As for modularizing things out of the base, this is what FreeBSD has done with many pieces of software via the ports tree. In fact, many other traditional bits of software that many feel are default parts of an OS have been moved to the ports tree (e.g. perl is not in the base OS install on FreeBSD, and from what I hear gcc will be moved out as well in favor of llvm).
> No offense intended to anyone, but SVK is at best a poor-man's Git :-)
None taken as I've never used it myself. :~]
>> A schedule and handoff of hats/responsibilities for each of the
>> branches is pretty well documented and is now time driven (it used
>> to be feature driven, which didn't work as well as they'd hoped):
> Not sure how that page illustrates what you're saying above. Care to
There are people who maintain roles and responsibilities for various branches as each branch goes through its life cycle. Each branch roughly moves through the following life cycle:
HEAD = Any developer w/ commit access can commit
pre-release branch (e.g. BOOST_1_46_prerelease) = Any re@ can approve commits to the branch but developers are required to get re@ permission (re@ = release engineer hat)

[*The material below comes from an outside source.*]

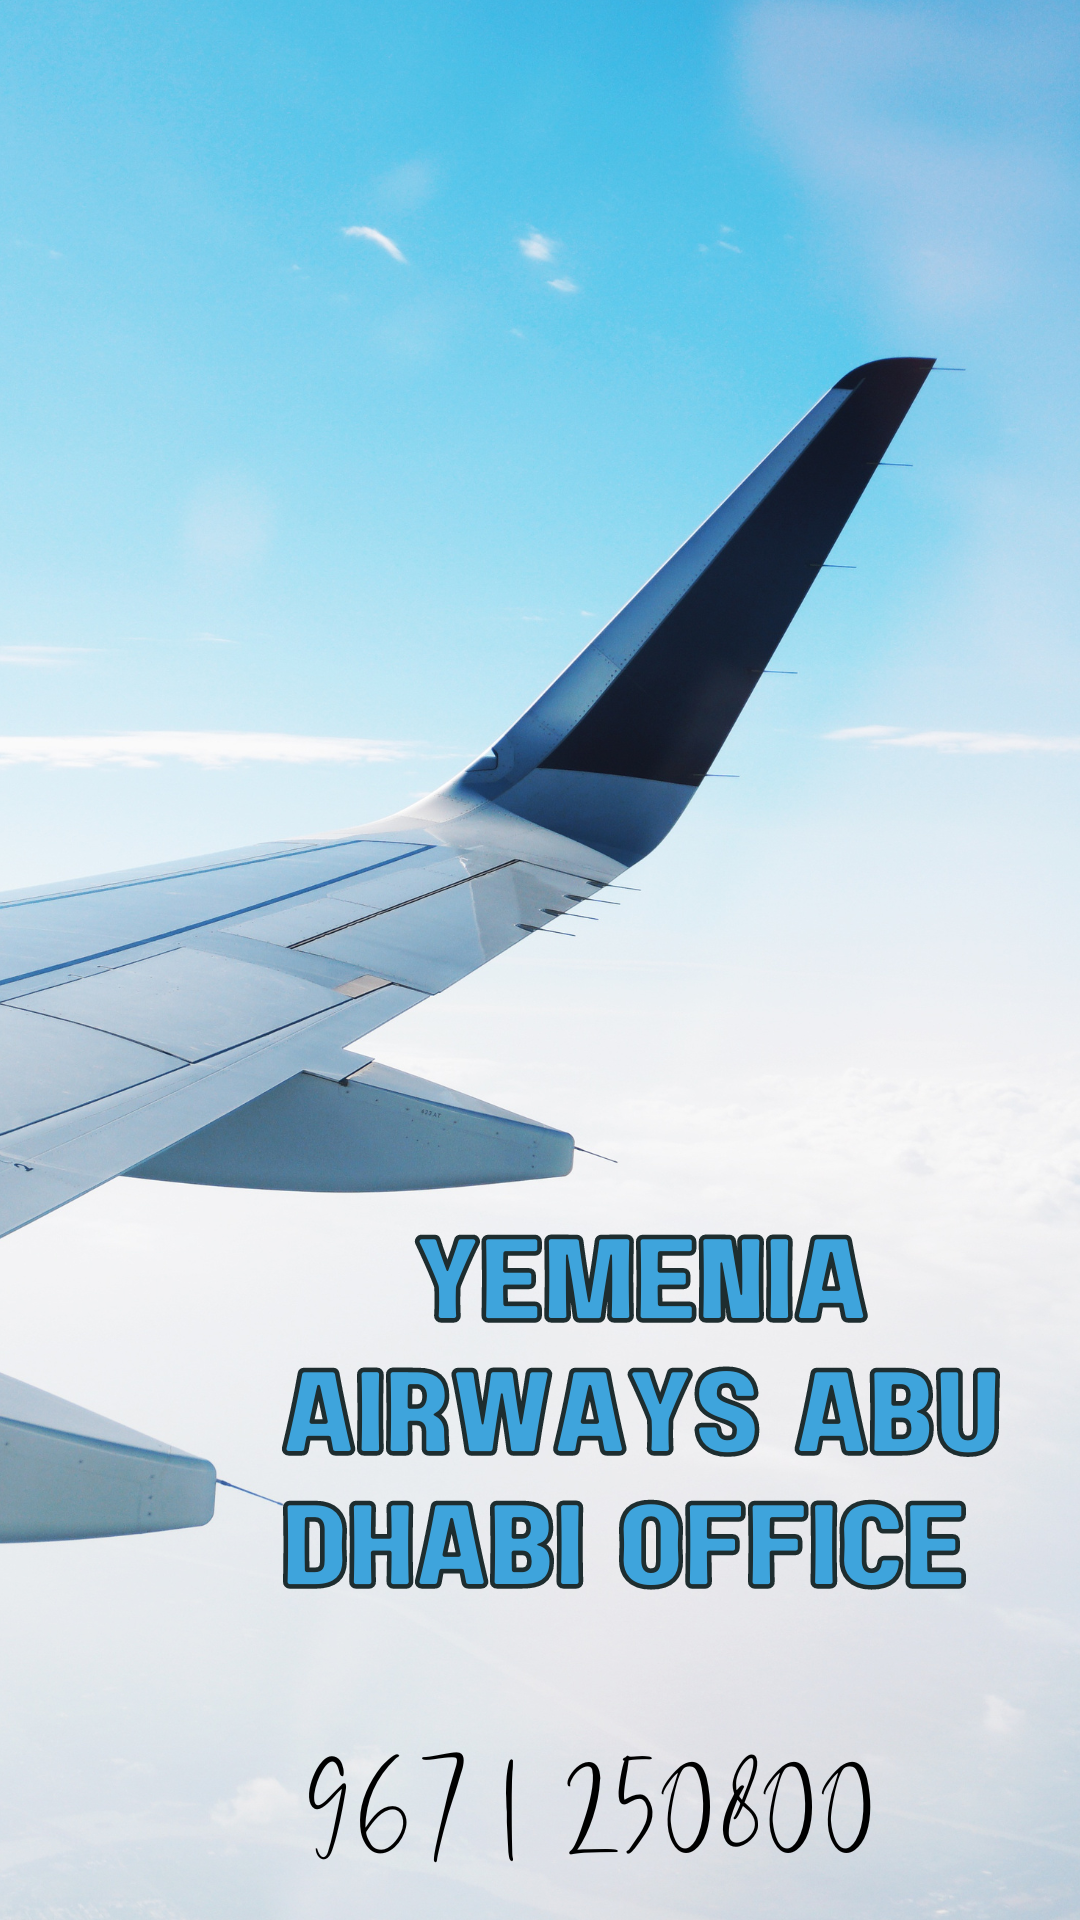 Yemenia Airways Abu Dhabi Office ( 967 1 250800)

released branch (e.g. BOOST_1_46_0) = re@ hands the branch off to security-officer@ for security related fixes. Sometimes re@ will push out a micro version release for critical bugs, but security-officer@ takes ownership of the 1_46_0 branch until the branch is EoL'ed (I don't think boost has a concept of an EoL'ed branch at present).
So in that scenario, there are three hats that could be worn (some/often the same people, but looking at a problem from different perspectives).
The above link is just the time table and indicator for developers for who has the ability to bless a commit to a particular branch. Once a branch is handed off to a particular hat (e.g. re@ or sec@), then you have to go find the right person.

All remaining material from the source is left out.